* _REQUIREMENT_: As an exercise in exact copying, transcribe the lines below from the one holding "File:Vladimir Putin and" through the last, with both ends included and pictures left out.

* _DATASET EXTRACT_:

- Opening Delimiter -

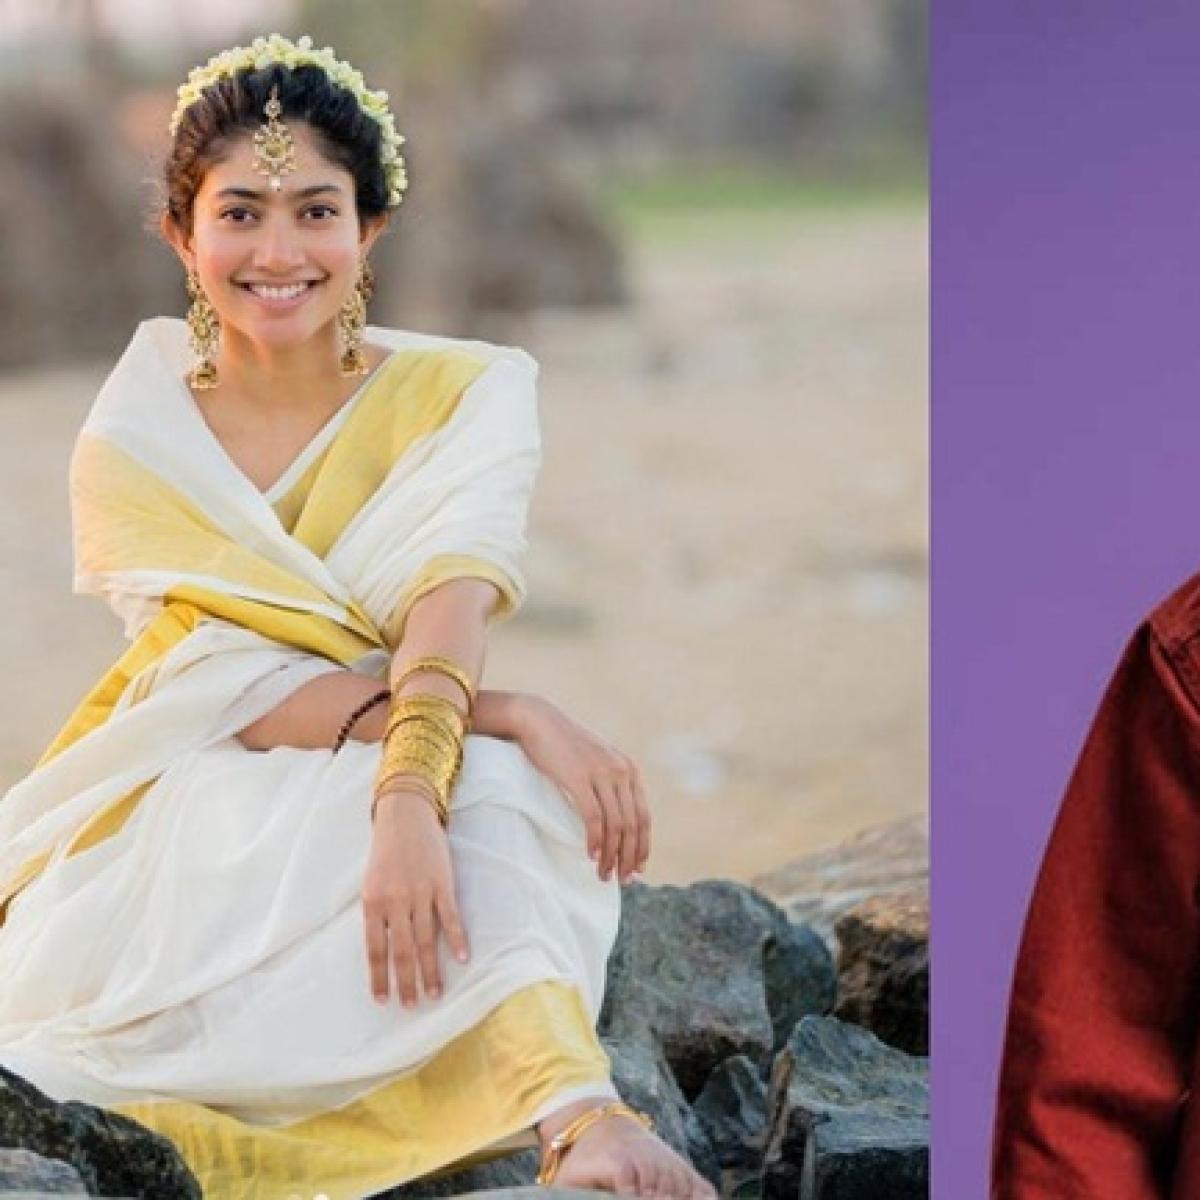 Forbes India's '30 under 30': Actress Sai Pallavi, YouTuber Bhuvan Bam make it to the list
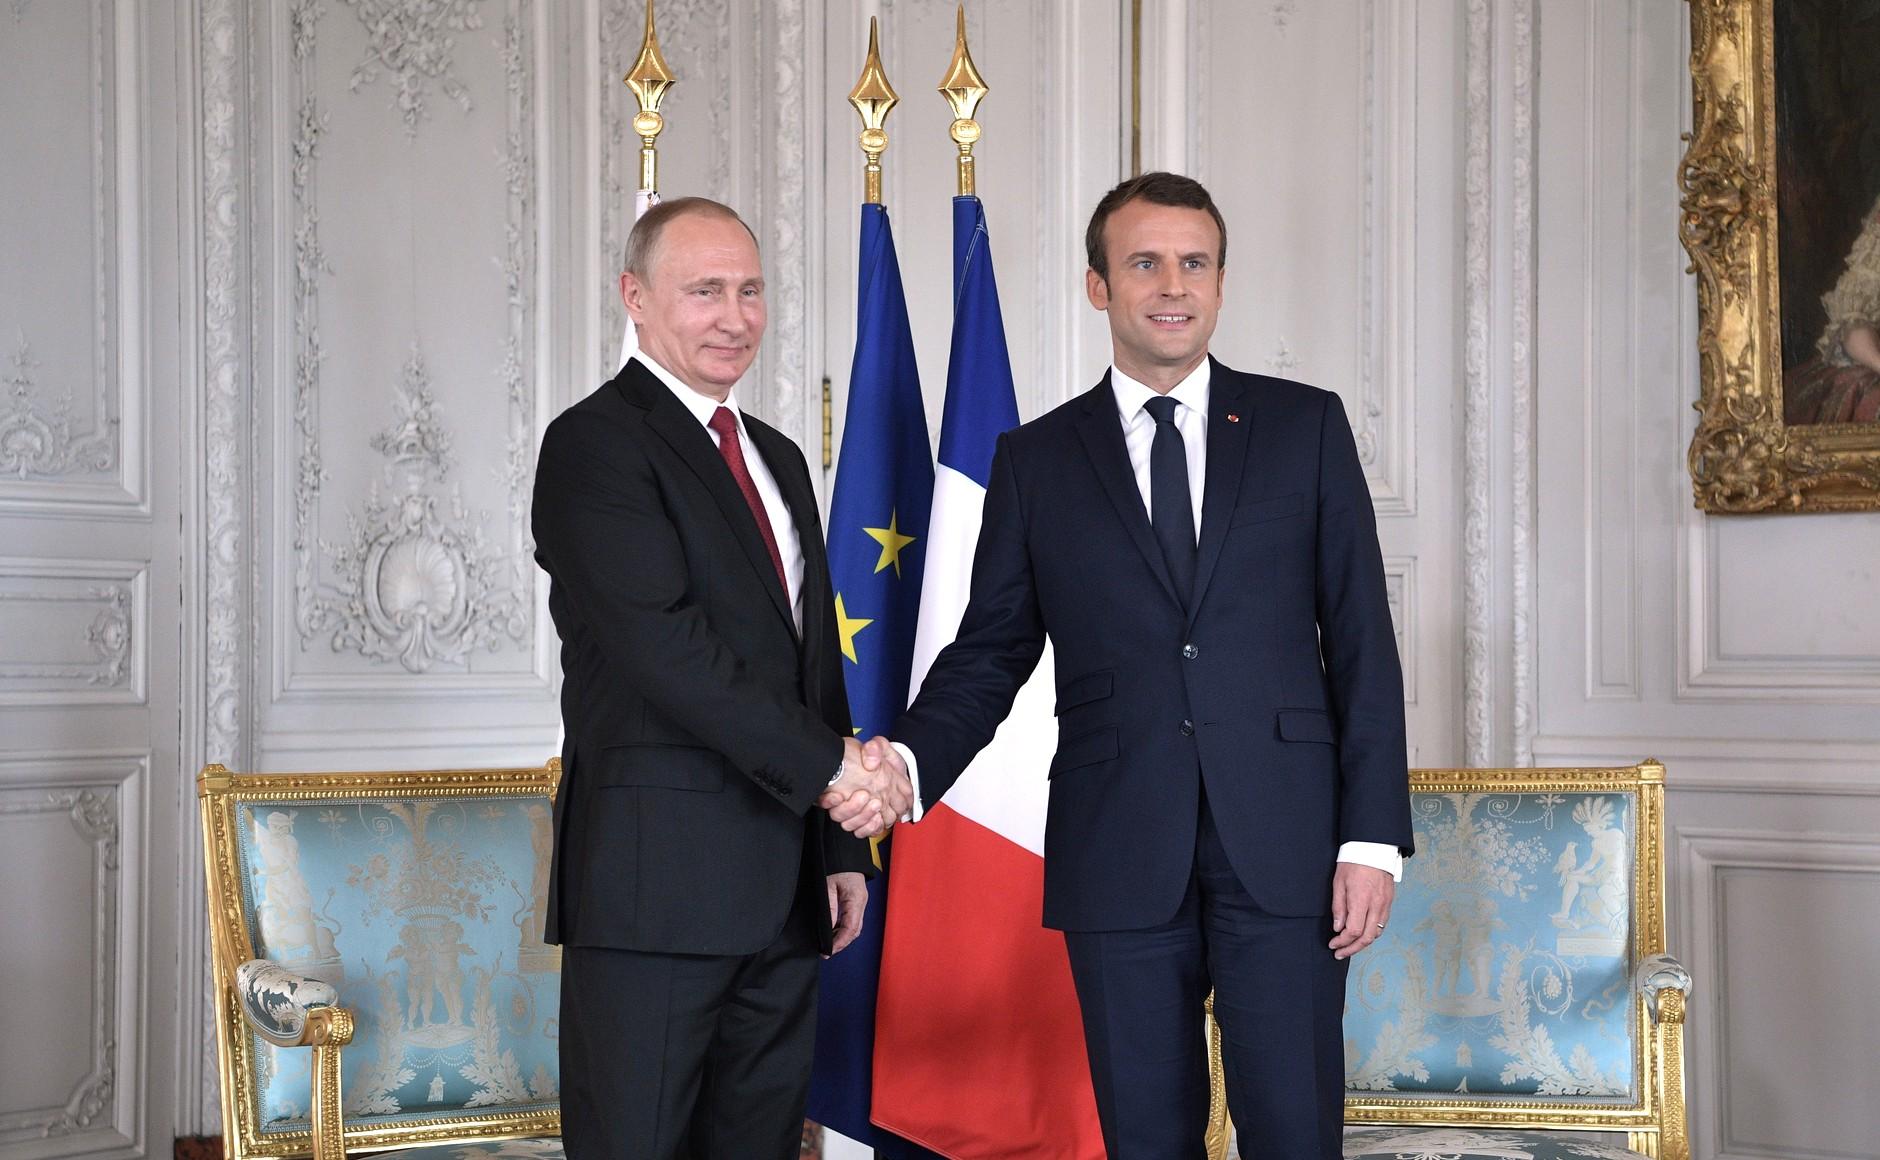 File:Vladimir Putin and Emmanuel Macron (2017-05-29) 04.jpg - Wikimedia Commons
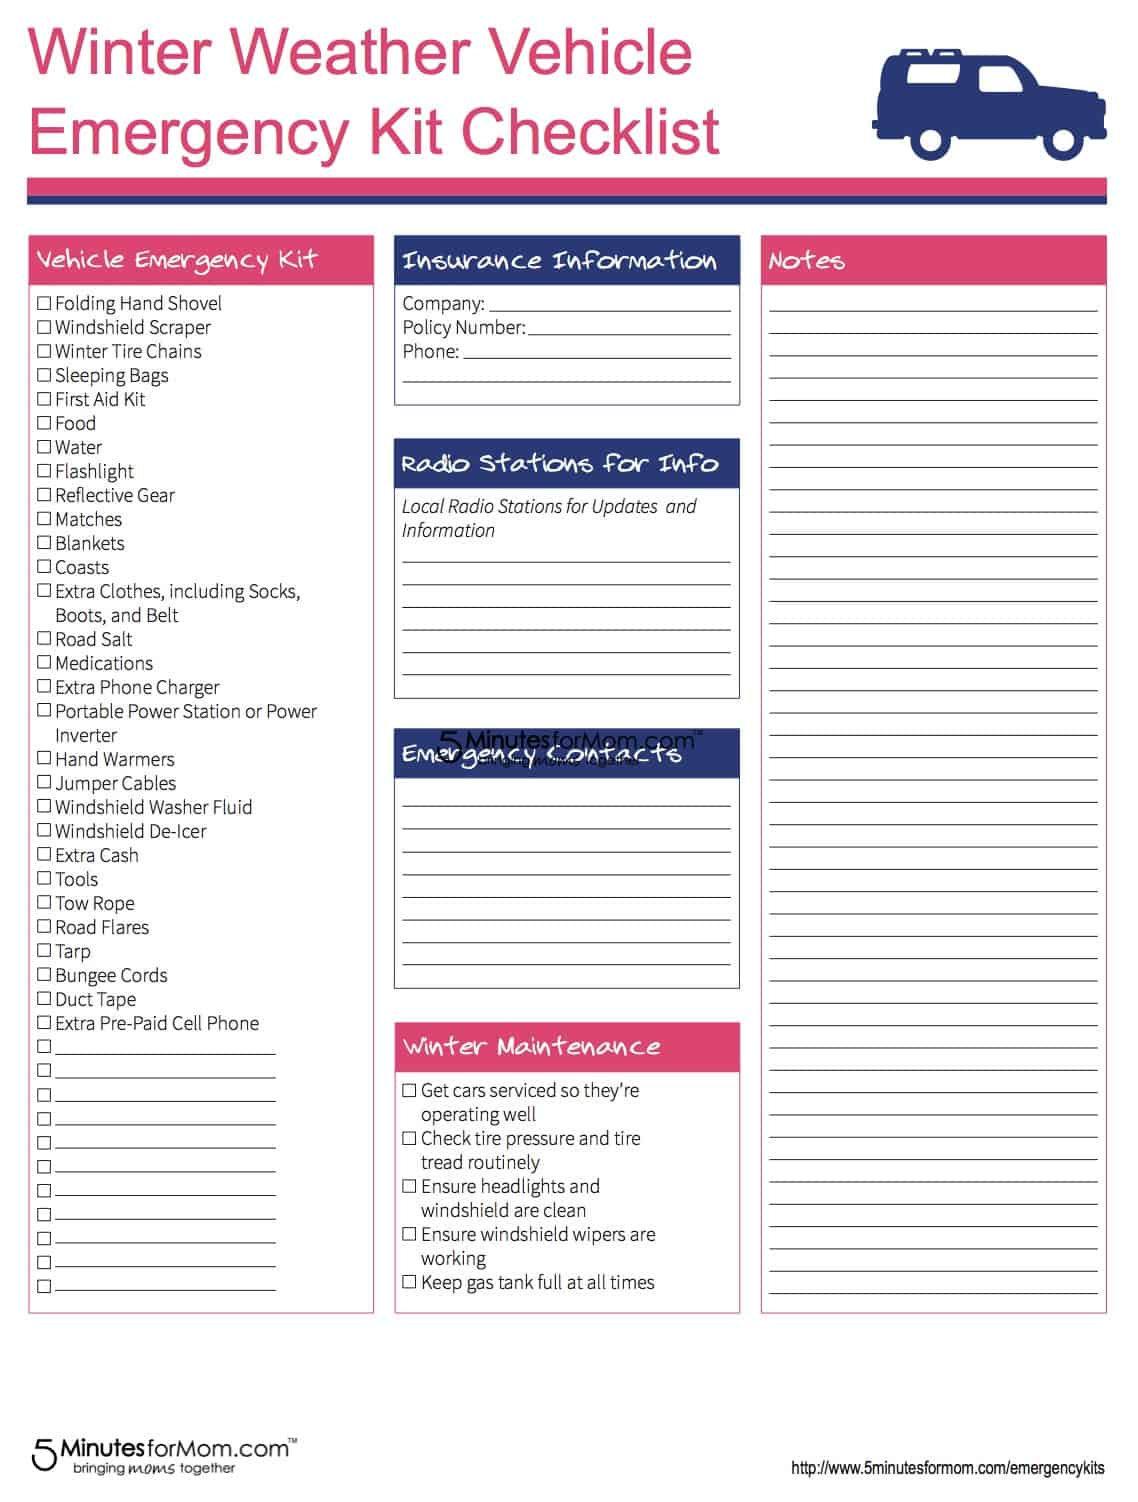 Vehicle Emergency Kit Checklist

- Closing Delimiter -

* _EXERCISE ANSWER_:
 File:Vladimir Putin and Emmanuel Macron (2017-05-29) 04.jpg - Wikimedia Commons
 Vehicle Emergency Kit Checklist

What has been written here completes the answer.